There’s nothing exciting about these models in principle, which means they aren’t going to get popular on their own. AMD’s AI division should make something that can become popular on its own merit, maybe in a field like audio or image: but that requires real risk-taking: the kind where there’s a real chance you might just not succeed. LLMs are safe, but boring.

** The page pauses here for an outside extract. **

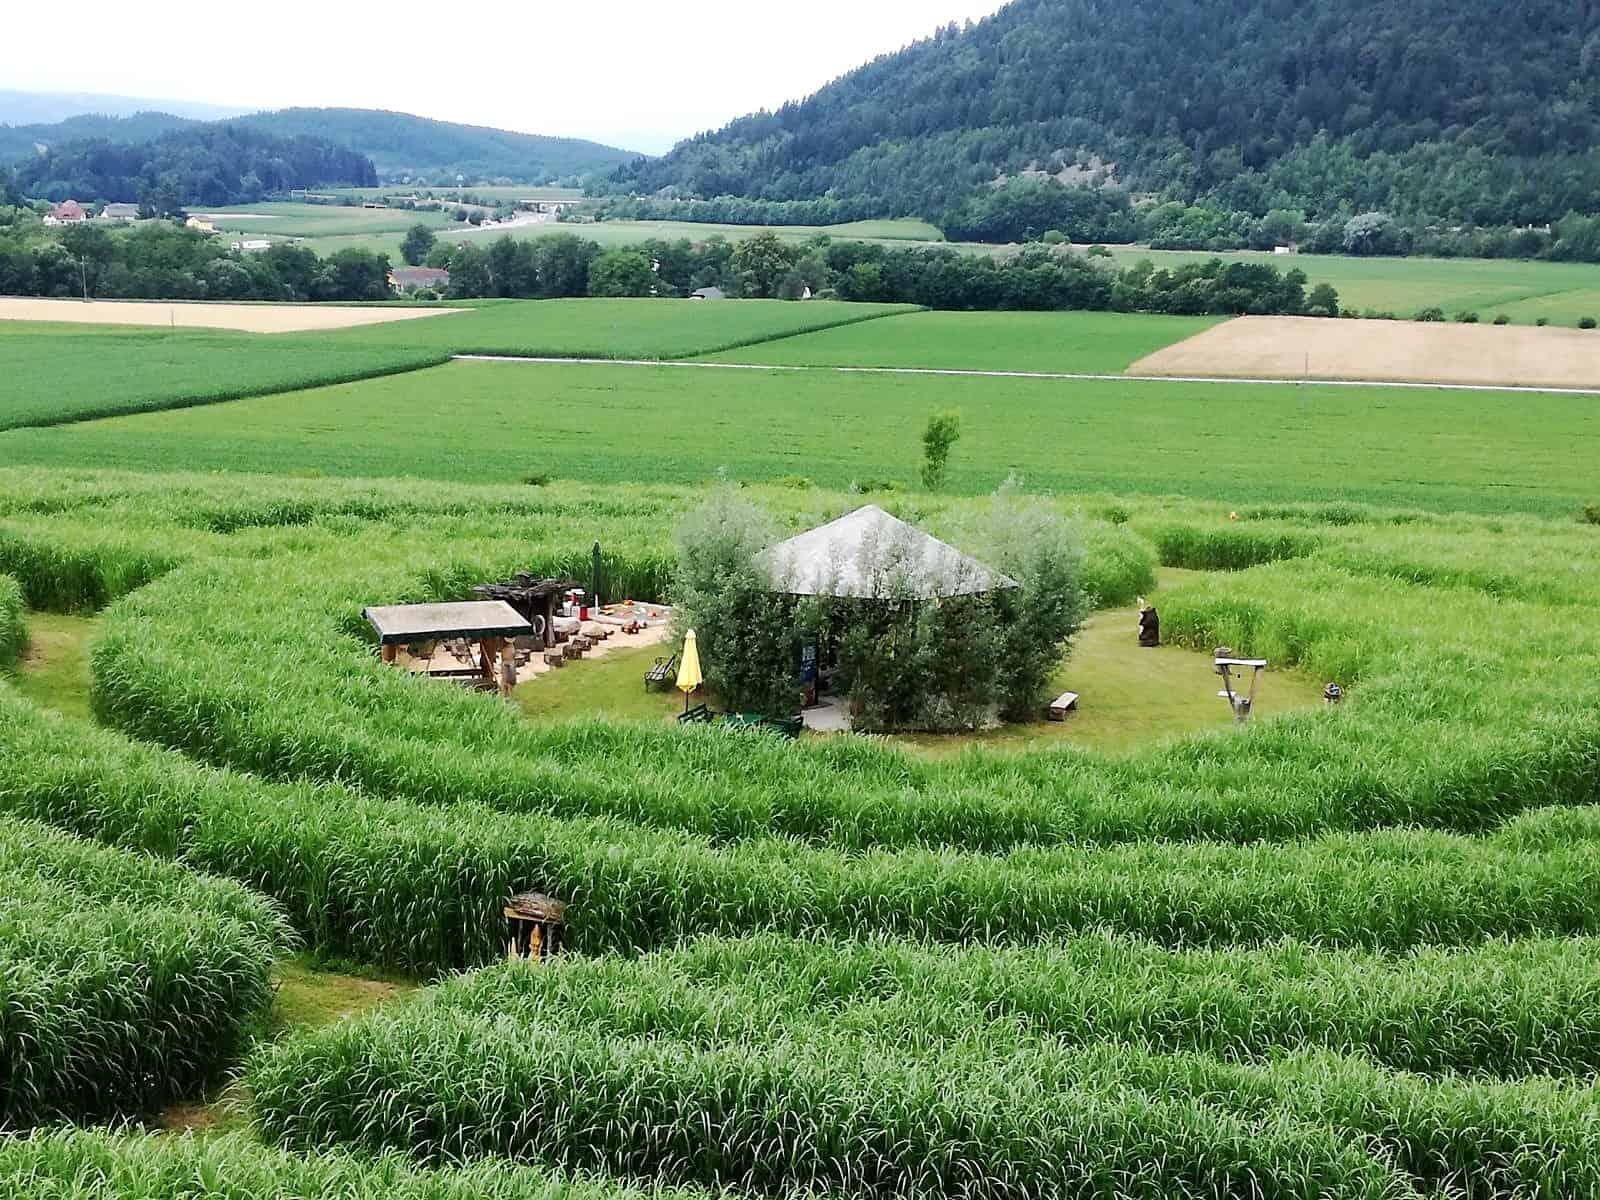 Labyrinth im Elefantengras, Ausflugsziel in Völkermarkt - Ferienregion Klopeinersee in Kärnten bei Österreich Urlaub

But the world rewards (albeit good) risk-takers.
Conclusion
There’s a lot more that I could’ve written and gone into detail, but I want to end it here. Unlike my other technical writings, this is more of a high-level, human overview of the landscape of things.
Using AMD GPUs for deep learning is a thing that seemed impossible to me just a year or two prior. But now I am doing it.
If AMD keeps up the momentum, then, for the first time, I can say that NVIDIA now has real competition in this field. But AMD will not have a singular Ryzen moment over NVIDIA like it did against Intel; it’s going to be a slow battle.
And this is good. I don’t want the whole AI market to be dominated by a single vendor (and Google).